Prevalence detection is advantageously applied to the result of specific spectral discrimination to adaptively determine prevalent frequencies existing within an audio signal containing speech. Prevalent frequencies in this audio signal so isolated are attenuated in a highly selective manner, thus reducing the masking potential of pervasive resonances and obfuscative energy within the speech itself over low energy language-imparting speech elements.

Description

    REFERENCE TO RELATED APPLLICATION
  • This application claims priority from U.S. Provisional Patent Application Ser. No. 61/226,786 filed Jul. 20, 2009, the entire content of which is incorporated herein by reference.
  • FIELD OF THE INVENTION
  • This invention relates generally to audio signal processing, and particularly to methods and apparatus to improve intelligibility of signals originating as human speech.

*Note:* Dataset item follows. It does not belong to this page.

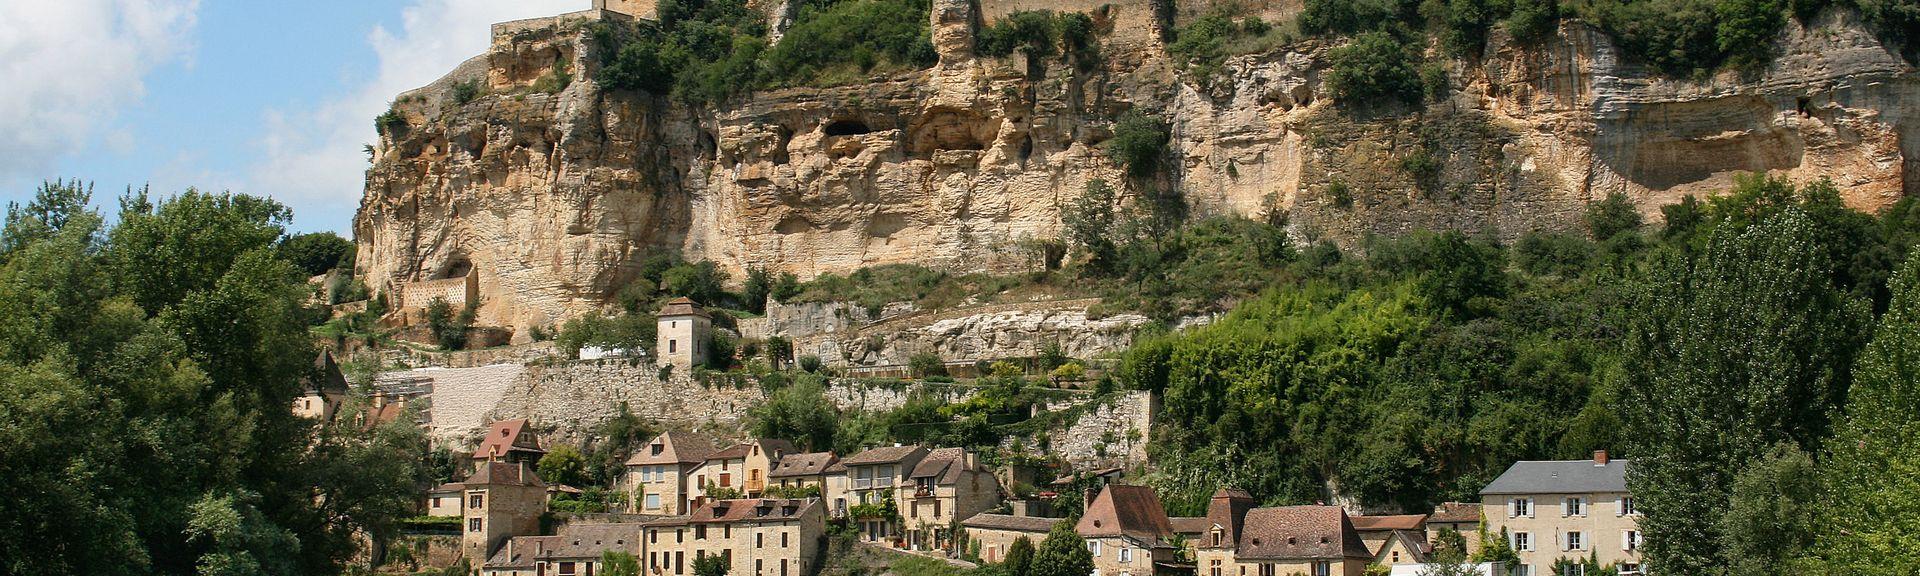 Ardèche, Auvergne-Rhône-Alpes, France

  • BACKGROUND OF THE INVENTION
  • Ability to understand speech is a critical issue, particularly in the presence of high ambient noise, low transmission bandwidth, or hearing deficit. Almost all research in improving speech intelligibility to date has focused on mitigating deleterious effects of external sound sources—competitive noises along the path between speaker and listener. Mitigation directed at competitive noise often uses relatively broad spectral widths, in that characterization of these noise sources is often tenuously known,. The repetitive nature of many noise sources has also encouraged longer time frames for any dynamic reduction behavior. Improvement of speech intelligibility through external noise reduction therefore almost always operates on wide spectral ranges with relatively slow dynamic behavior.
  • Early speech research met severe technical limitations, notably the filters available to early hearing research had limited frequency discrimination. This limitation, in conjunction with limited ability of technologies in use to quickly discern specific spectral features in real time, enforced the use of relatively static filtering with broad bandwidths. This practice became codified into mainstream research as the tuning bands universally seen in the field. Adoption of accepted broad spectral bands as common practice, however, has diminished visibility of the fact that the masking capacity of competitive sound often is in inverse proportion to bandwidth. This could be seen as intuitive, considering energy density differential between a single frequency and broader-bandwidth noise, yet highly-specific spectral manipulation is not commonly seen in speech applications.
  • Speech as it is commonly heard contains a preponderance of energy that imparts information about the speaker's identity, condition, environment, etc., yet conveys no language information. The energy integrals of specific speech elements are as well coming to be seen as disproportionate with the language information they impart Most speakers are then found to emit several highly specific individuated spectral components which do not aid speech intelligibility in any way. Nasal resonance, as a notable example, is pervasive yet carries no language.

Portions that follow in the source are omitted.